Newspaper executives have been struggling for the past decade to slow the sharp and unprecedented decline of their industry. While no effort has worked, one promising business model would be to charge for access to online content. But only the rarest industry leaders have felt comfortable making the move to a paid-content model without industry-wide agreement, and such an agreement would be a per se violation of U.S. antitrust law. Unlike in other areas of the law, antitrust law does not permit courts to make policy judgments and approve of “good” agreements to restrain trade or fix prices, even when such a move would further antitrust policy interests. Exemptions can only come from Congress. This Comment argues that, because of the newspaper industry’s vital role in generating new information that supports American democratic society, Congress should pass a narrow and temporary exemption from the collusion and price-fixing prohibition in Section 1 of the Sherman Act. Such an exemption would allow newspaper executives to work together on a sustainable online business model for the press, thereby preserving the American corps of professional newsgatherers. That, in turn, would stabilize contributions to the marketplace of information and ideas and would slow the consolidation and concentration of newspaper ownership. Both of these outcomes would advance a primary goal of antitrust law—increase in consumer options.
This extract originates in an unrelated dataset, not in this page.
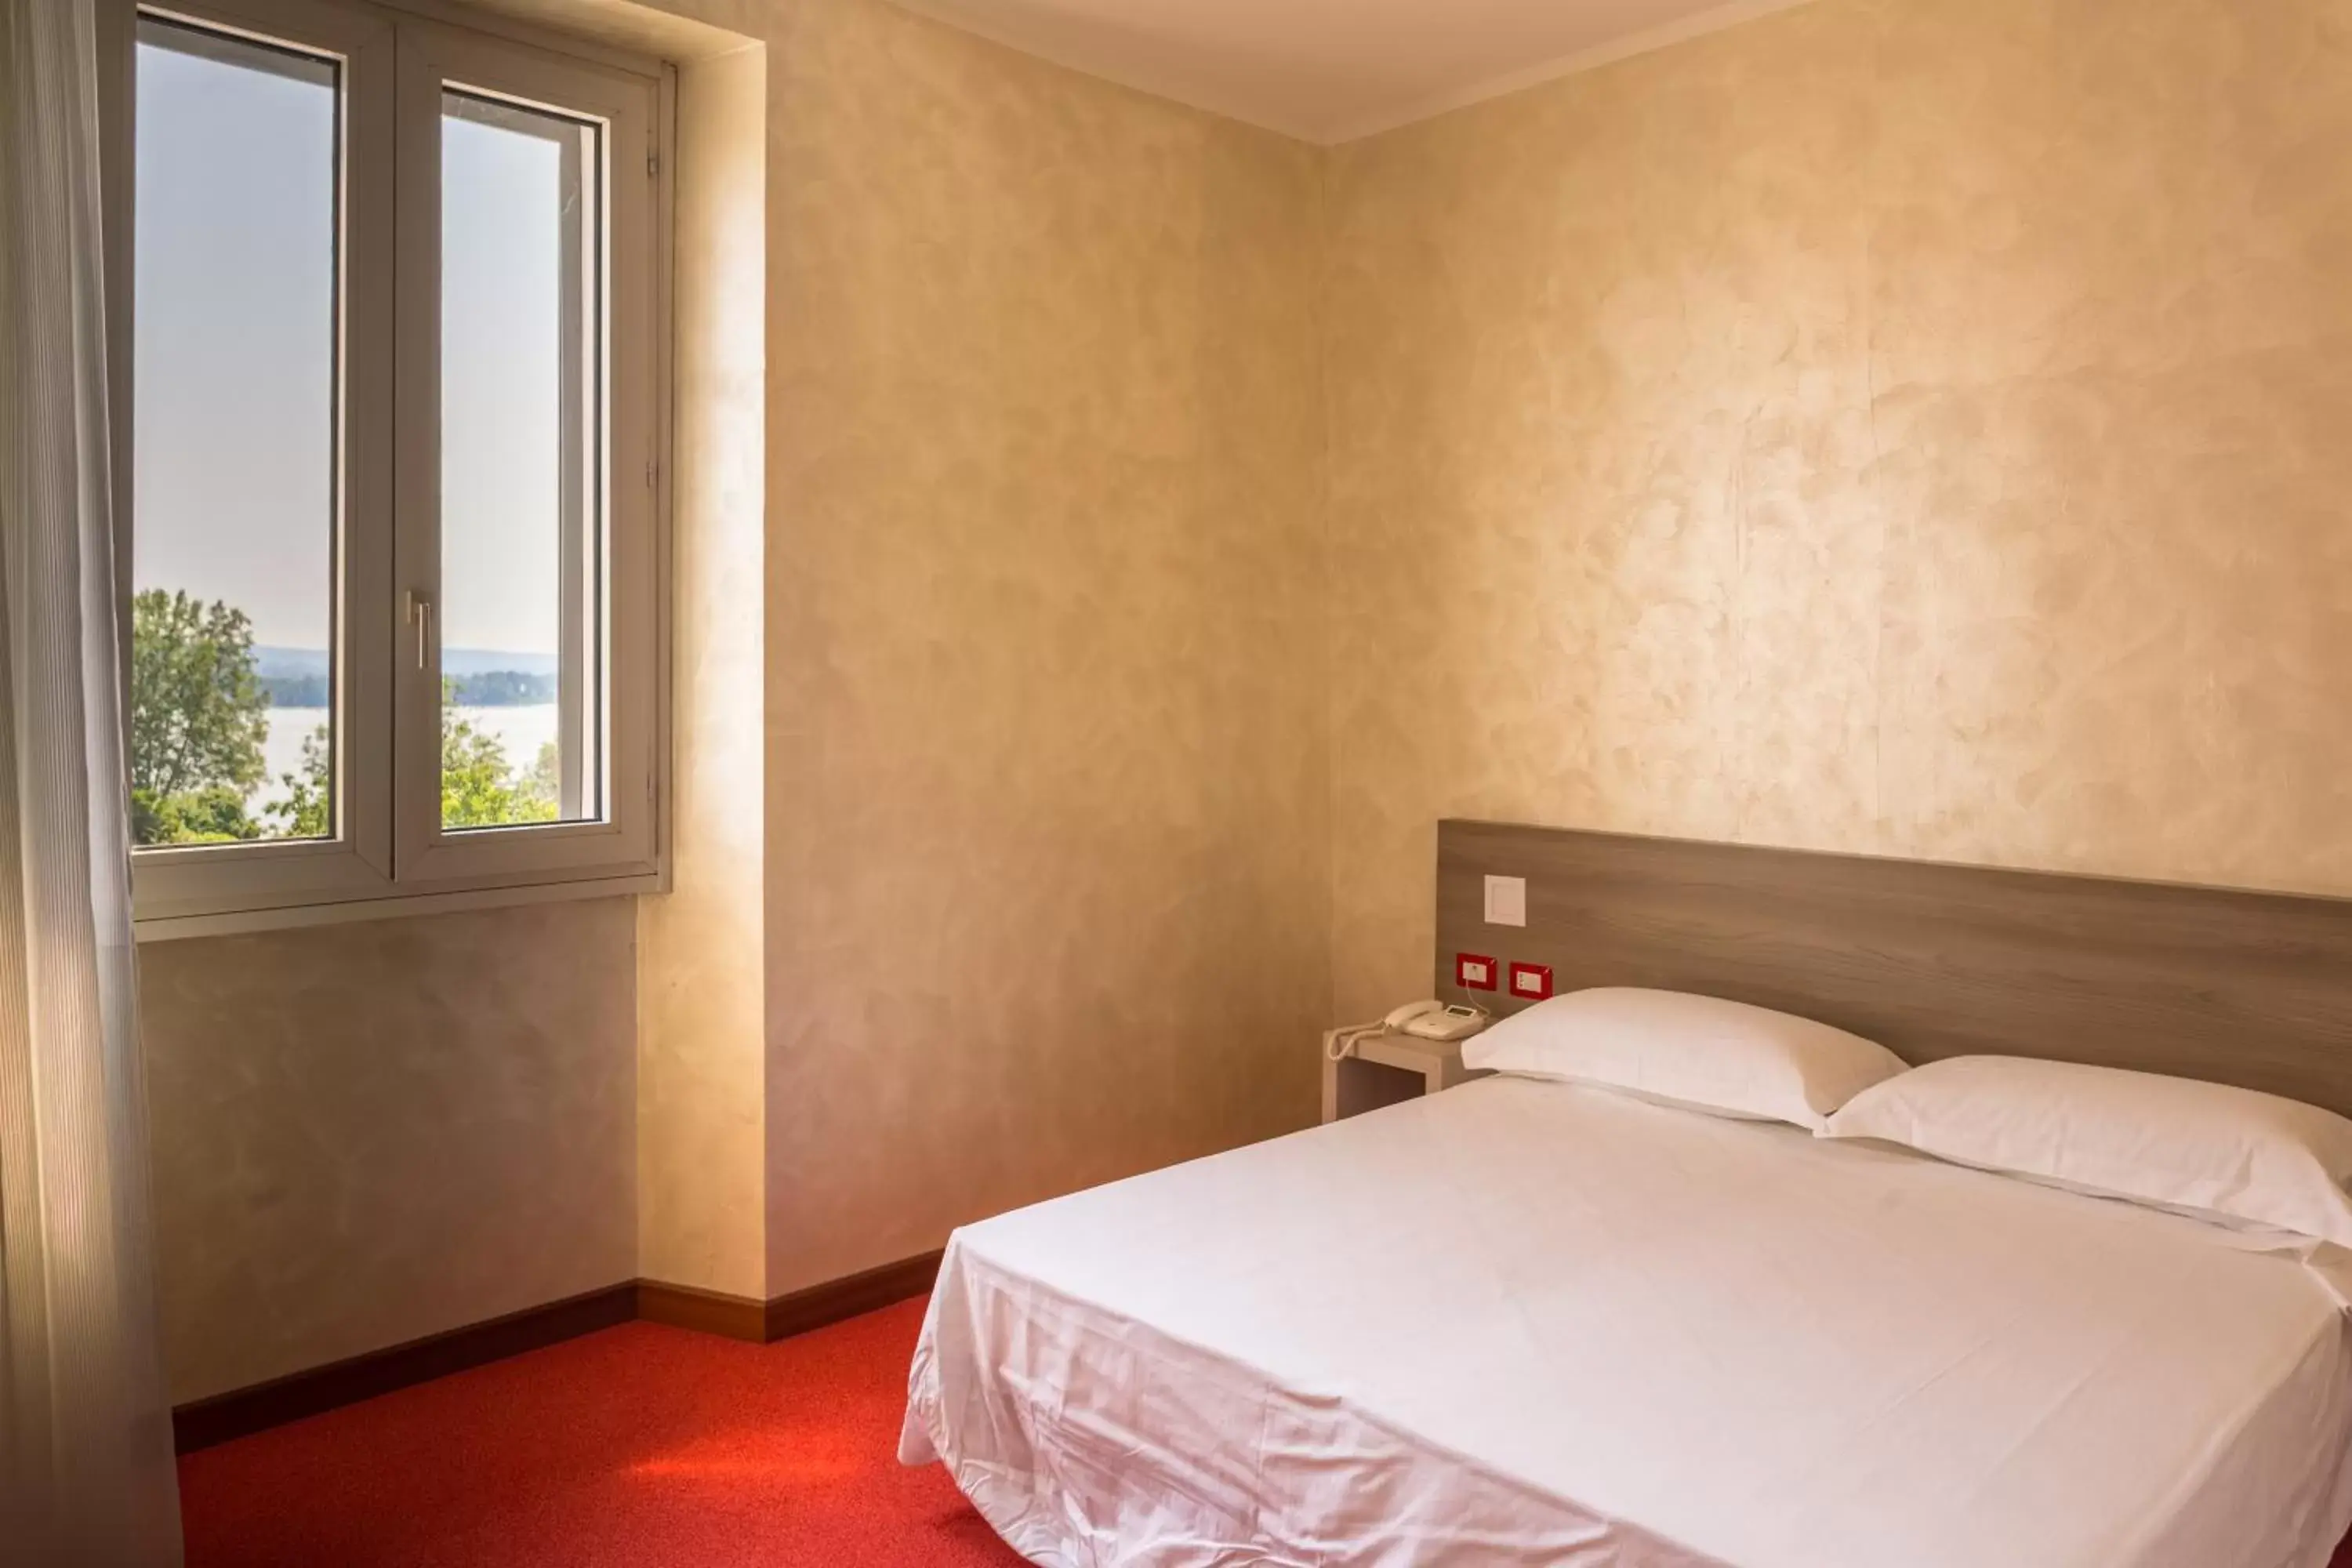 Bed in Hotel Italia dormelletto

In Pearson v. Callahan, the U.S. Supreme Court altered the contours of the qualified immunity defense with the intention of changing when and how federal courts make constitutional law. Qualified immunity is the primary defense to constitutional torts against government officials. Before Pearson, courts were required to determine if an official had violated a constitutional right even when that official was already protected by qualified immunity. After Pearson, courts now have the discretion to avoid such constitutional determinations when an official has qualified immunity. To determine Pearson’s impact, this Comment presents an empirical study of qualified immunity cases. The findings are surprising. While circuit courts have generally begun avoiding constitutional determinations as expected, district courts have not done so. Because Pearson was motivated by significant criticism of mandatory engagement in constitutional analysis, the district courts’ reaction is troubling. However, this reaction does indicate that courts tend not to avoid constitutional determinations in order to promote judicial efficiency. If this were the case, such a motivation would affect district courts more than circuit courts. Instead, it seems that a court’s decision to avoid a constitutional determination is a product of its interest in controlling constitutional precedent. In sum, Pearson has given courts substantial control over what precedent enters the body of constitutional law, and at least circuit courts appear to be consciously using it—a finding with implications for how constitutional law will develop in the future.